EMS organizations and interest groups, like the Code Green Campaign, are actively engaged in improving support for medics with post-traumatic stress disorder and other types of mental illness.
New and emerging roles for EMS
The original vision for EMTs and paramedics was rapid response and delivery of lifesaving interventions for patients with emergent medical illness or life-threatening traumatic injury. But as you know, the purview and expectations of EMS providers has changed and expanded dramatically through the decades. We are called upon all the time to respond in new and innovative ways. LAS paramedics staff a booze bus. Paramedics in Ferguson needed equipment and training for working in and around riots.
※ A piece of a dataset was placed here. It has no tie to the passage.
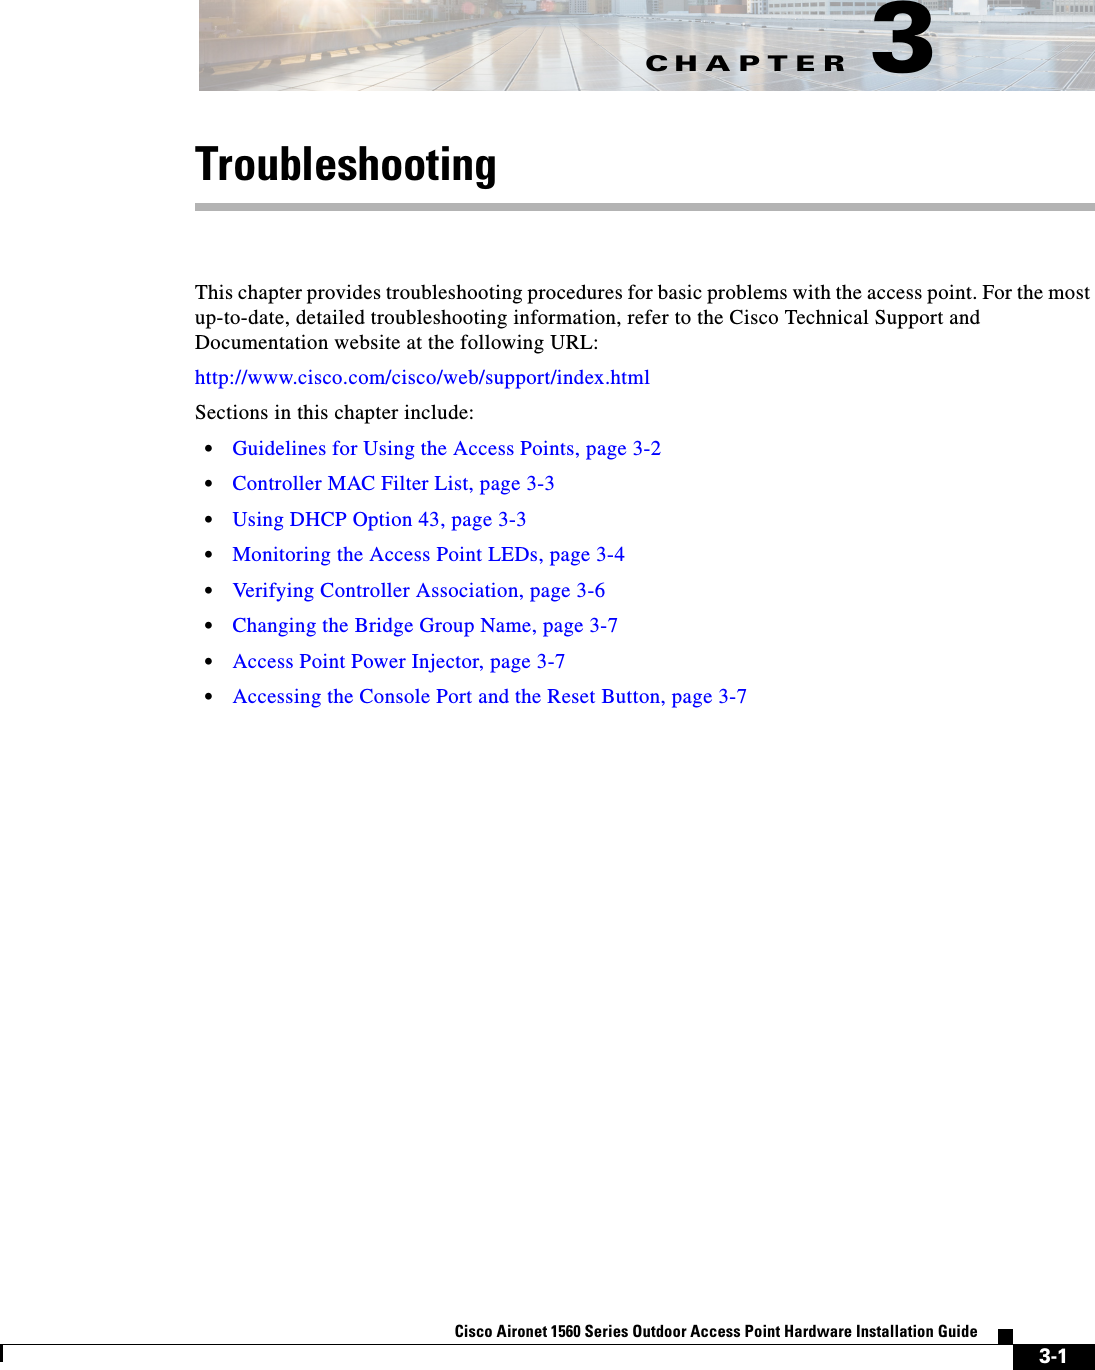 CHAPTER 3-1Cisco Aironet 1560 Series Outdoor Access Point Hardware Installation Guide 3TroubleshootingThis chapter provides troubleshooting procedures for basic problems with the access point. For the most up-to-date, detailed troubleshooting information, refer to the Cisco Technical Support and Documentation website at the following URL:http://www.cisco.com/cisco/web/support/index.htmlSections in this chapter include:•Guidelines for Using the Access Points, page 3-2•Controller MAC Filter List, page 3-3•Using DHCP Option 43, page 3-3•Monitoring the Access Point LEDs, page 3-4•Verifying Controller Association, page 3-6•Changing the Bridge Group Name, page 3-7•Access Point Power Injector, page 3-7•Accessing the Console Port and the Reset Button, page 3-7

The role of community paramedicine continues to expand to more and more EMS agencies. Community paramedics are monitoring chronic diseases and working to prevent hospital readmission through programs around the United States, including in these four cities.
We can expect more gatherings of leaders from across the healthcare continuum to meet in the year ahead to continue defining the role of a community paramedic and deploying new programs.
Old and dissolving roles for EMS
Although we are regularly reminded of successful volunteer EMS organizations around the United States, the past year saw continuing signs of trouble for volunteer EMS. There is regular news about agencies that are understaffed, undertrained, underfunded, or irreparably damaged by the criminal actions of a single member.
In the year ahead, of course, we should all spread the news and success strategies of leading EMS organizations. Though we should not let nostalgia for what EMS once was prevent us from planning for new agencies, structures, or models to deliver EMS to our communities.
It might be painful to consider, but the remaining members, resources, and energy of a volunteer EMS agency might be better spent planning for and preparing for dissolution and replacement of the service, rather than another member recruitment drive or effort to convince the medical director to expand the scope of practice.
EMS; every day is the start of new year
You have likely heard the saying, “real courage is doing the right thing when nobody is looking.” Every minute of the day an EMT or paramedic is doing the right thing – squeezing the hand of a lonely widow, offering words of comfort to a dying man, singing softly to a sick kid, or easing the tension in volatile incident with a joke, smile, or knowing glance.
Take a pause from your hectic schedule, non-stop media and 24-hour negative news, and attending to the suffering off others. In that moment, remember your courageous acts that went unwitnessed by your peers, patients, and supervisors. Take an additional moment to forgive yourself for missed opportunities to be courageous. In a third and final moment, look ahead. Every tomorrow is the start of a new year and a new opportunity to be caring and courageous.